In the previous post we had quick overview over the history of web development, how and why virtualization happens to be a huge success and all of this without a single line of code.
Impressive, the power of the mumbo jumbo we can deliver...
In this post we will explore a little bit more the first steps in a long journey of kubernets on a cluster of PIs.
Hardware, here we go..
So, evidently, the first step was to buy the hardware. Here we don't have much to say. It was basically just buying a set of 5 raspberry pi 3 computers and connecting them over a Local Area Network.
In the end this was the deal
- 5 raspberry pi computers
- 5 32gb sd cards
- 5 rj45 cat5e cables
- Cisco switch with 16 ethernet ports
A little bit about packets
I should tell you that the switch is a key piece on this. You know, routers they do their magical work at tcp/ip layer 3 the reason for this is that routers need to route (you don't say). To route traffic, routers have several tables that are used to manage, for instance, tcp persistent connections. In a nutshell what we can conclude is that routers do lot of work and any more work you will put them under, you'll notice.

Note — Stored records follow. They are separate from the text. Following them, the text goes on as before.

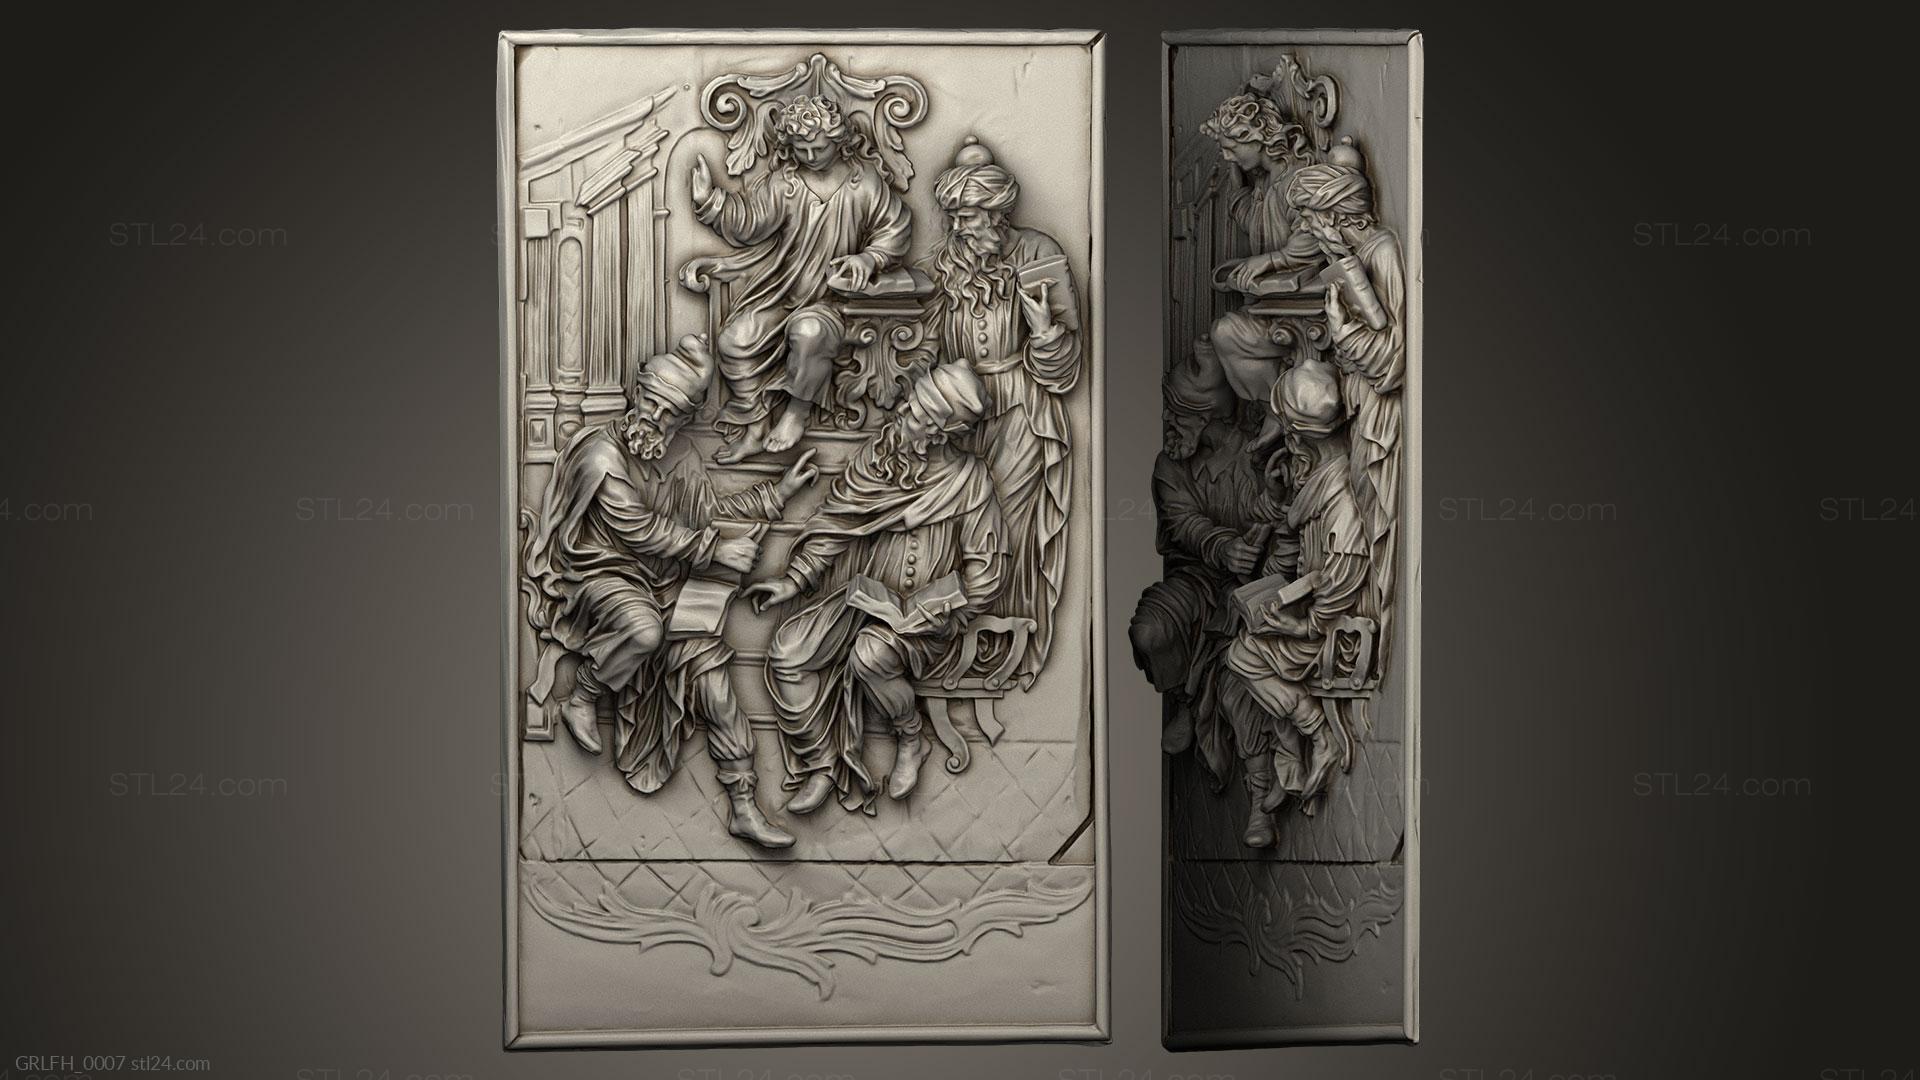 Горельефы и барельефы исторические и религиозные (Христос среди врачей, GRLFH_0007) 3D модель для ЧПУ станка
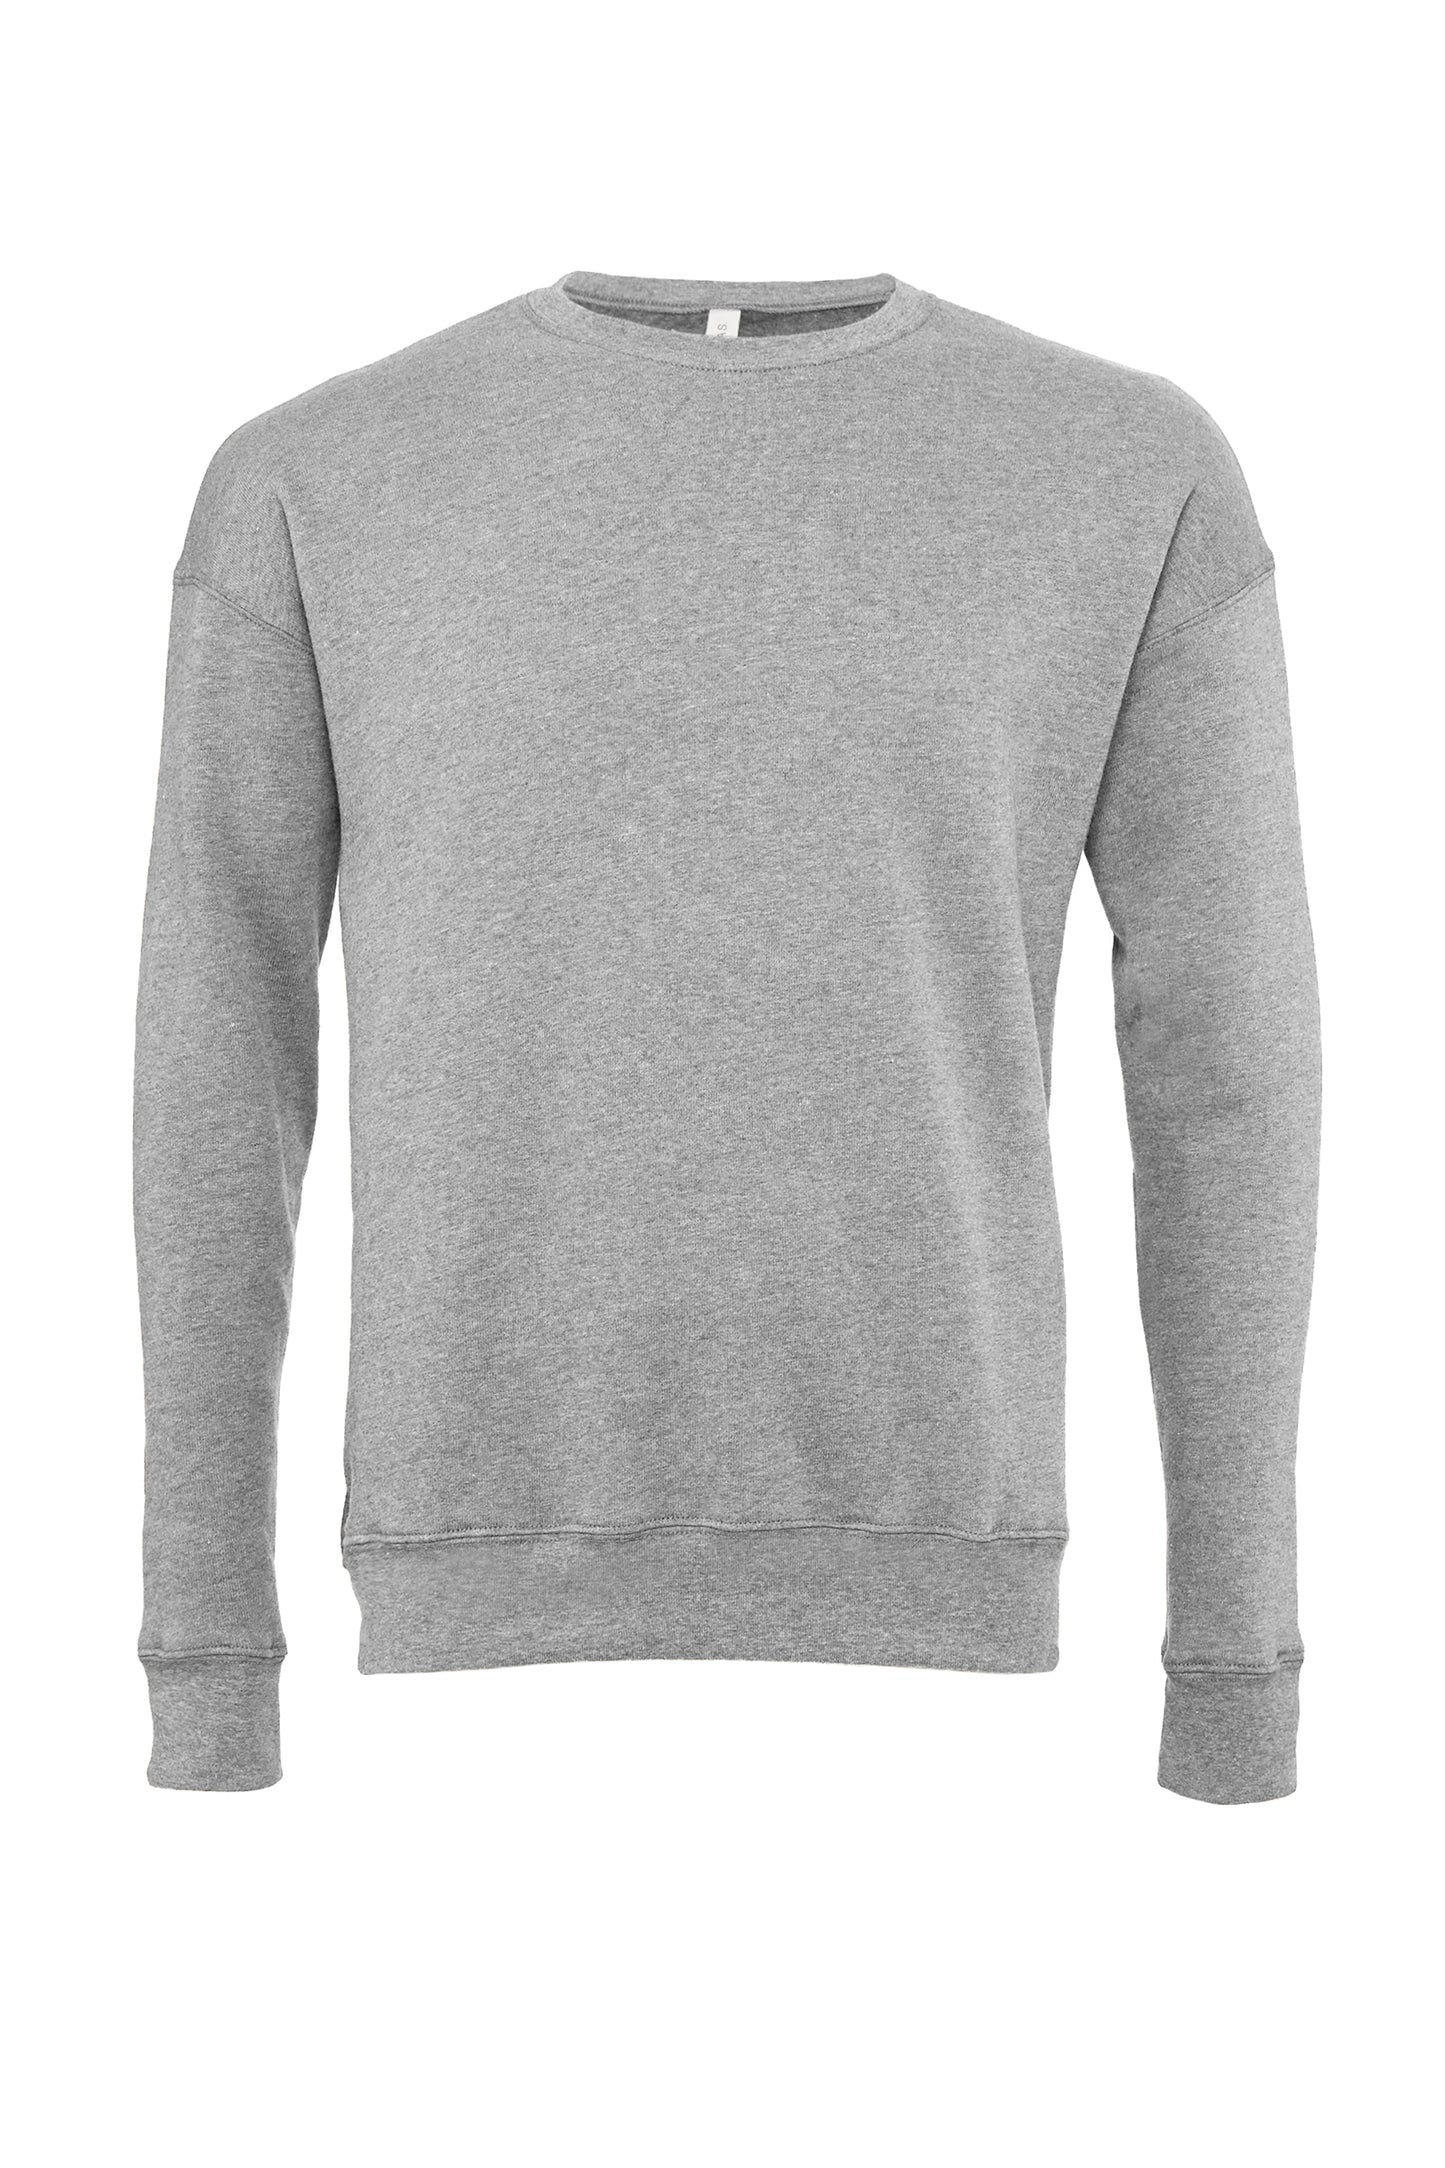 Crewneck Fleece Sweatshirt DTG Print
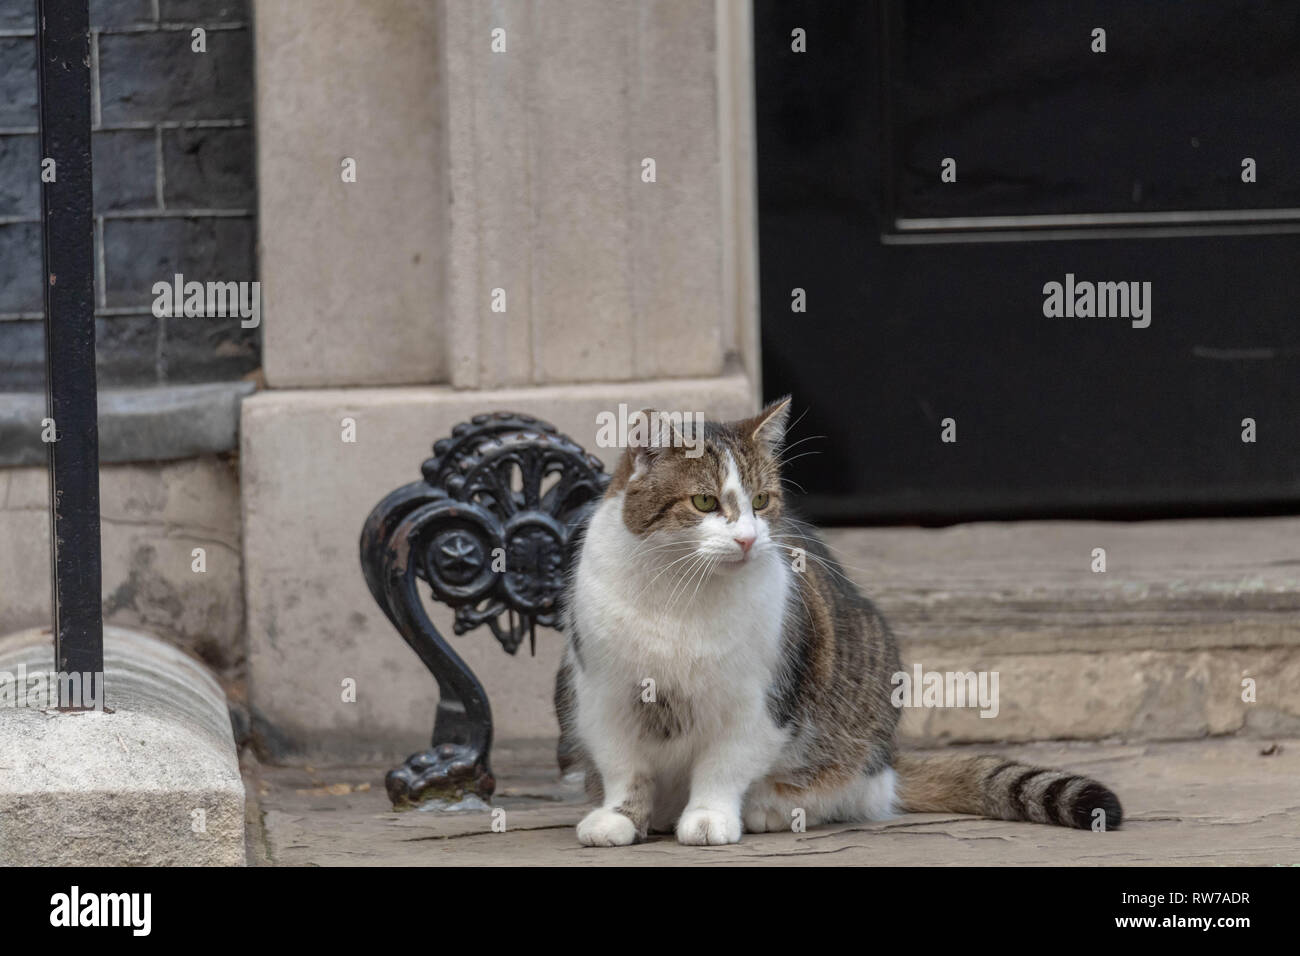 Londres, Royaume-Uni. 5 mars 2019, Larry, le chat à l'extérieur de 10 Downing Street Downing Street, London, UK. Crédit : Ian Davidson/Alamy Live News Banque D'Images

A Switch is a much dumber beast, and also because of it, much faster. Switches don't care about routing, they delegate it for routers, instead they just switch traffic based on the media access control address. A switch operates on the tcp/ip layer 2.
So why the f*?k is this important?
You see, by being a lot more dumber than routers, switch also do a lot less work and so the trade off here is that they can also process a lot of more packets for the same amount of CPU. The sad part is that a switch doesn't route traffic. But the good part is that for lan connected devices we don't need that.
But a question remains.
If the switch don't route the traffic of the devices, how the hell will the nodes connect with the outside?
Well turns out that one of these devices can be a router! This is the trick. This is also the reason why you see a combination of router/switch on most of network implementations.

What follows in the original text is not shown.